In the News

How can we drop the trailer without dropping the ball?

The advantages of drop trailer service.

By Siqing Liu and Soon Kiat Ker · November 8, 2022

Editor’s Note: The SCM thesis Assessment and Determination of Optimal Design Features for a Drop Trailer Service Offering and Network was authored by Siqing Liu and Soon Kiat Kerand supervised by Dr. Matthias Winkenbach ( For more information on the research, please contact the thesis supervisor.

In 2019, the U.S. trucking industry hauled 72.5% of the nation’s domestic freight, with an industry value of $800 billion. However, traditional trucking service is plagued by the fact that carriers need to wait a long time at warehouses for cargo operations. In Texas, for instance, the average time a carrier waits for a shipment is about 4 hours. Such lengthy detention time is one of the main causes of the nationwide driver shortage.

During the COVID-19 pandemic, drop trailer service came into the spotlight, serving as an effective solution offering three advantages to carriers. First, it allows carriers to pick up a pre-loaded trailer and drop the trailer at a destination without waiting. This significantly reduces the turnaround time for carriers. Second, drop trailer service reduces congestion in warehouses for shippers. And third, a predictable turnaround time at warehouses allows carriers to plan better. These three advantages can eventually improve the utilization rate of trucks and drivers.

What affects drop trailer service?

Drop trailer service seems amazingly attractive. But, in order to scale the service, a key question remains: What conditions are best suited for drop trailer implementation? If we can answer this question, we will be able to alleviate the nationwide truck driver shortage and, in turn, the current supply chain disruptions.

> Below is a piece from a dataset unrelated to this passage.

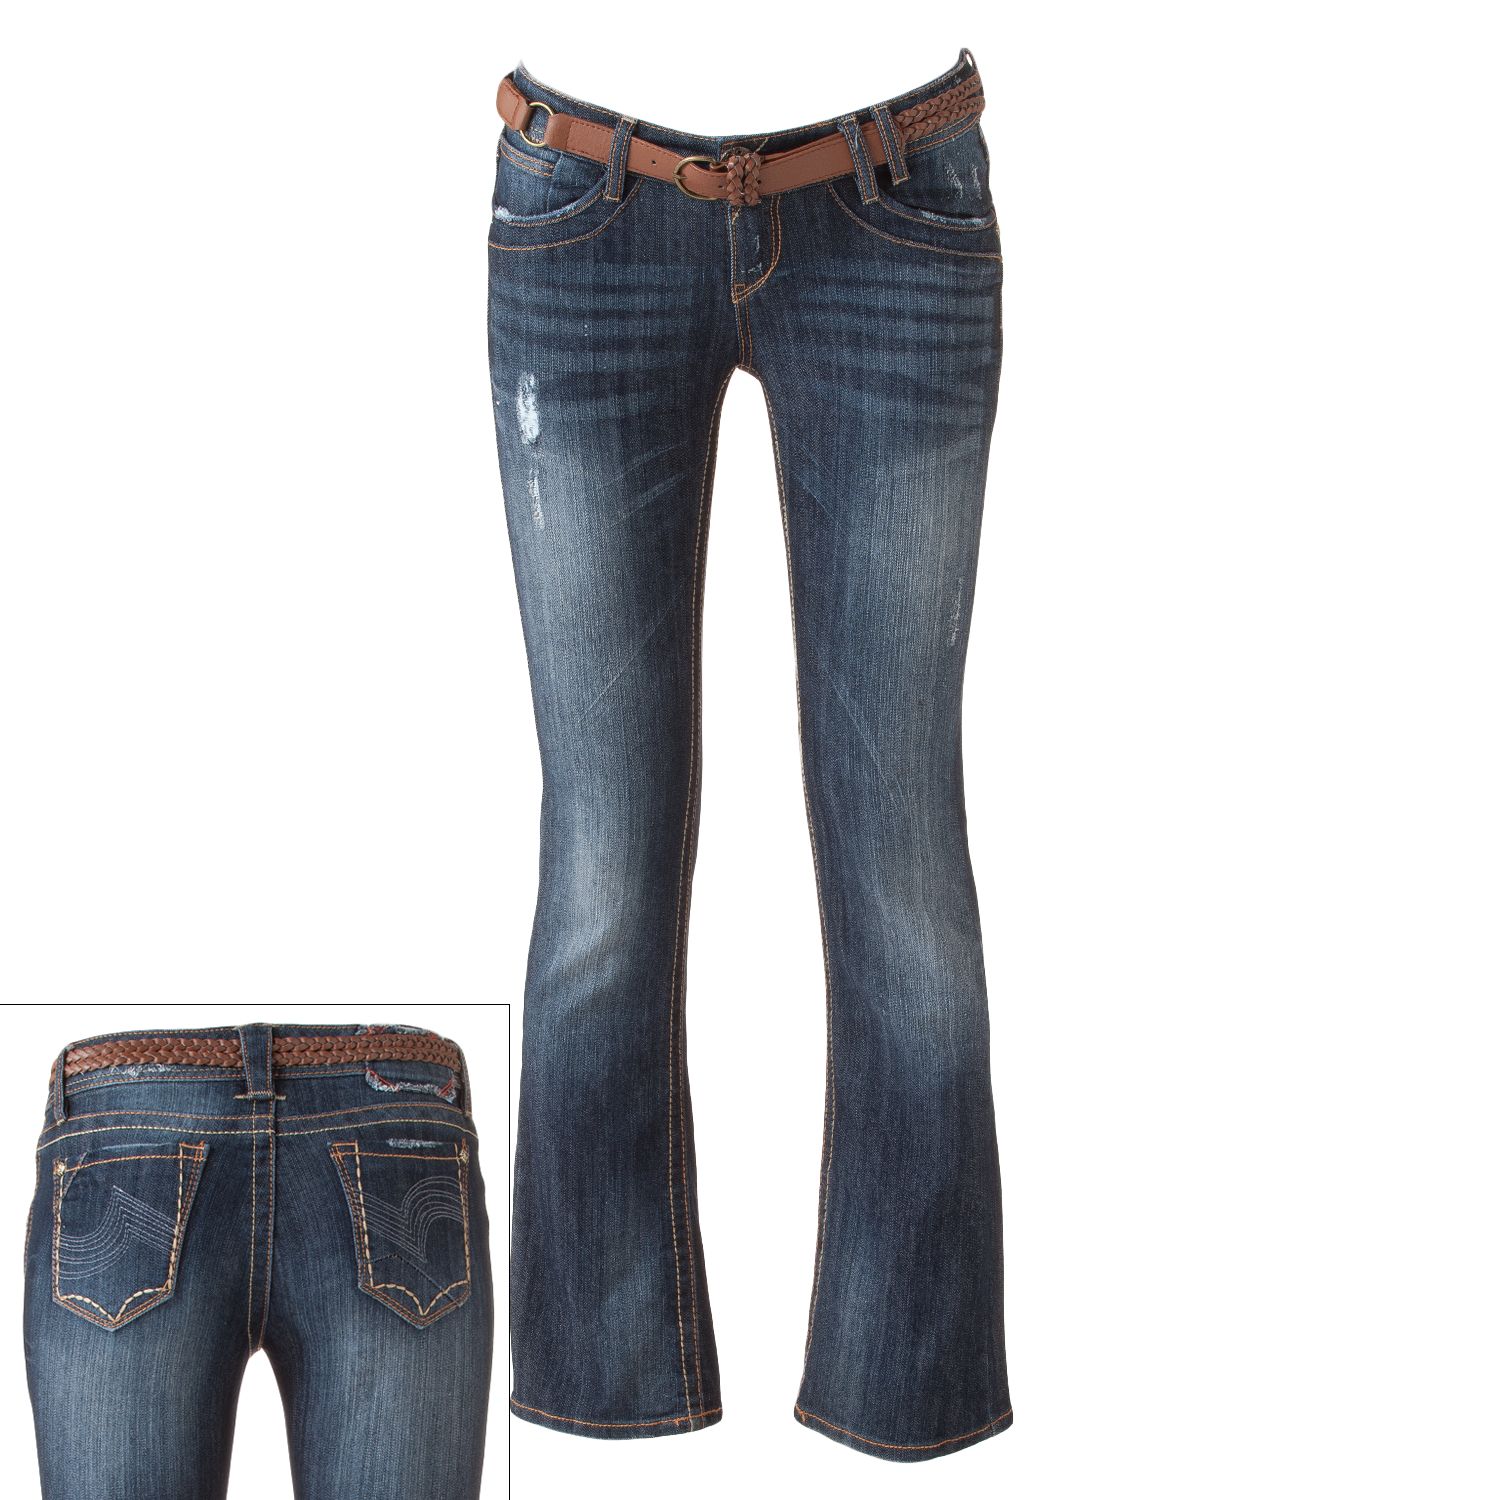 unionbay jeans juniors

To address this question in our study, we first needed to understand the limitations of drop trailer service. While it can reduce carriers’ loading and unloading time at facilities, it also has certain limitations. For instance, drop trailer service is not ideal for carrying perishable products, and it is subject to the size restrictions of parking yards.

After understanding both the advantages and disadvantages of drop trailer service, we formulated four metrics for decision-makers to consider when deciding whether to implement drop trailer:

1. Turnaround efficiency: How efficiently are trucks utilizing their time in yards?

2. Cost-effectiveness: What is the return value for every dollar spent on drop trailer service?

3. Supply-demand balance: What is the net difference between the number of incoming and outgoing trucks over a period of time in one area?

4.Shipper/carrier density: How dense are the shippers and carriers in one area?

As each metric covers a wide selection of features, we further disaggregated the metrics and identified the most impactful features. Next, we adopted k-means clustering to identify the underlying patterns of drop trailer service. We then decomposed the clusters to understand the importance of each features by constructing a CART decision tree.

Drop trailer service is a juggling act

Our CART decision tree results revealed that four features affect drop trailer implementation. We refer to them as the four balls every carrier has to juggle: 1) the number of shipments at the source, 2) market price, 3) travel distance within a market pair, and 4) carrier-to-shipment ratio at the destination.

The last remaining question is: How should a carrier juggle these balls while implementing drop trailer service?

We propose three practical managerial recommendations for decision-makers when implementing drop trailer:

 Pricing strategy: Incorporate forecasting and analytic ability to design an appropriate pricing strategy (over and under price) to drive adoption.

 Competency development: Develop carrier core competency in serving multiple shipments, including partnering with other carriers to induce greater capacity.

• Optimal route design: Prioritize profitable market pairs with shorter distances.

We believe these recommendations can serve as fundamental considerations for carriers to successfully implement drop trailer service.

Every year, approximately 80 students in the MIT Center for Transportation & Logistics’s (MIT CTL) Master of Supply Chain Management (SCM) program complete approximately 45 one-year research projects.
These students are early-career business professionals from multiple countries, with two to 10 years of experience in the industry. Most of the research projects are chosen, sponsored by, and carried out in collaboration with multinational corporations. Joint teams that include MIT SCM students and MIT CTL faculty work on real-world problems. In this series, they summarize a selection of the latest SCM research.